The brown-eyed girl and I went to Cary tonight so that she could go to Kohl’s — and I decided to go over to Best Buy.

I hate Best Buy, but there’s a lot of stuff in Best Buy that I like, so it’s fun to go now and again. Thankfully I’ve learned the appropriate glares and the correct intonation in my voice to “I’m just looking” that means “I AM JUST LOOKING” — so the salespeople don’t bother me (well, as long as I avoid the TV section where they hover like turkey vultures in the deep south on a hot, humid day).

I had a while tonight to look through every section in the store — the Cary Best Buy, unlike the Garner Best Buy now has an Apple section — which is good to know. It looks like Apple foisted some design on them, but it’s certainly very different than an Apple Store.

What I found most interesting was which sections were getting traffic and which ones were not.
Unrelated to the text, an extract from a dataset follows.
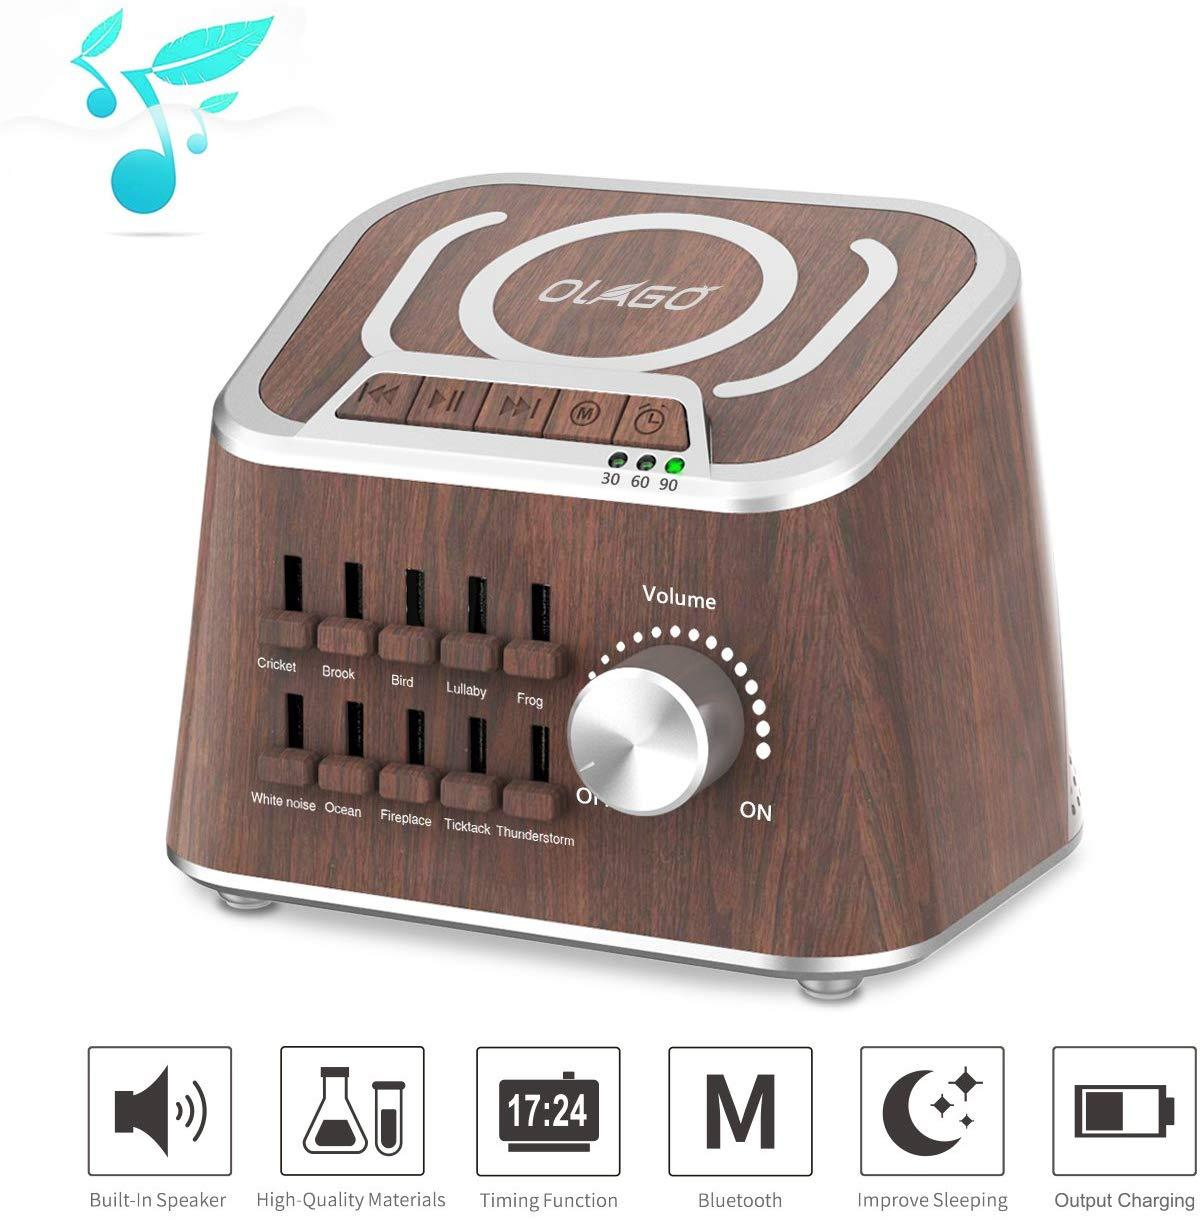 Olago Mixed Sound Sleep Spa Machine

I’m sure some design psychologists might have a comment or two, but for me, I thought it was extraordinarily telling about which products are really the ones that are grabbing our interest.

The busiest section by far was the mobile phone section — which also includes the iPods and other digital audio players (although it’s all iPod traffic).
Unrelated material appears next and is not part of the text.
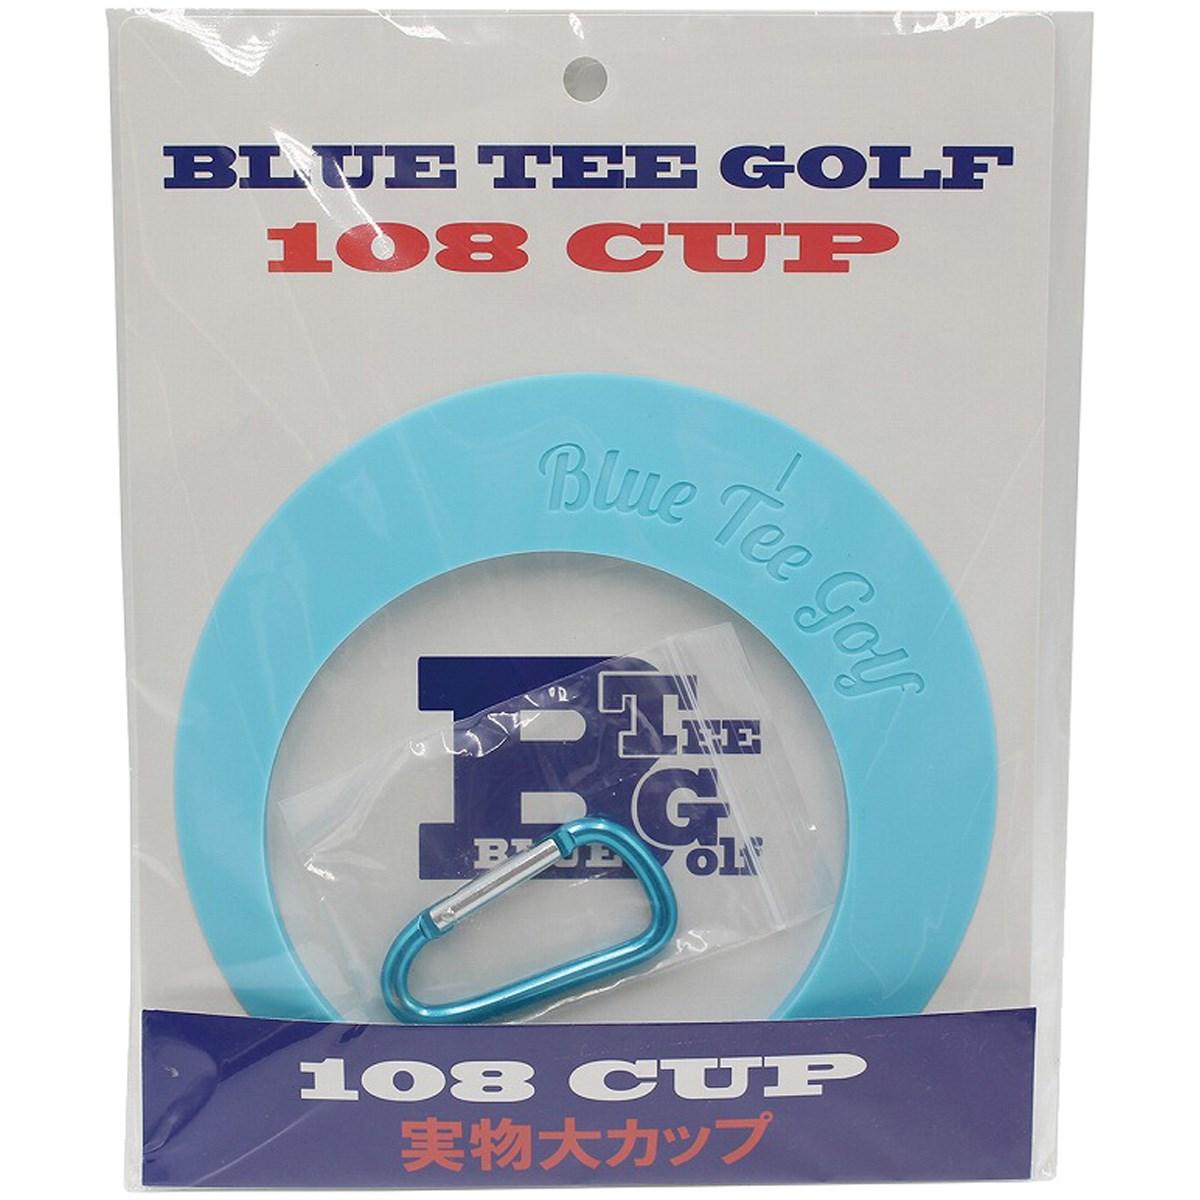 ゴルフ トレーニング用具 GDO 送料無料 激安 お買い得 キ゛フト GOLF ブルーティーゴルフ 108 TEE BLUE 新品■送料無料■ カップ

Coming behind in traffic was the mobile section was the Digital camera section — the side with the point and shoots — not the SLRs — although I think a SLR was in process of being purchased, I’m not sure.

Right behind that — Video Games. Lots of kids playing Guitar Hero.

Behind that — a two way observation tie 1) the computer section — mainly hardware and monitors, not so much browsing through the software. The Apple computers were getting attention (the Apple display set up contributed to that — it’s a lot easier to “try” the Apple computers than most of the Emachines, HP’s and Sony’s — and whatever else they carry). 2) DVD movies — pretty good traffic there too.

There was also pretty good presence in the TV section — particularly the lower end LCD TVs. I had hoped more people would be browsing the 1080p TVs so that the prices would drop, but alas, most seemed to be comfortable with lower resolution HD. (not that I care — I still have a standard def Tube that won’t hasn’t died).

There were a few people in car audio, and an actual buying customer in GPS units.

There were two MAJOR ghost towns. Analog phones particularly. Even appliances had more traffic. The Analog phones had about the same traffic as the desks and chairs. (which I don’t even count as a Best Buy section — I’ve never seen anyone there).

The second Ghost Town — it had a few people, maybe 3 total. Audio CD’s.

People go to what interests them — and tonight it was mobile phones, digital cameras, video games… and NO analog phones and CD’s.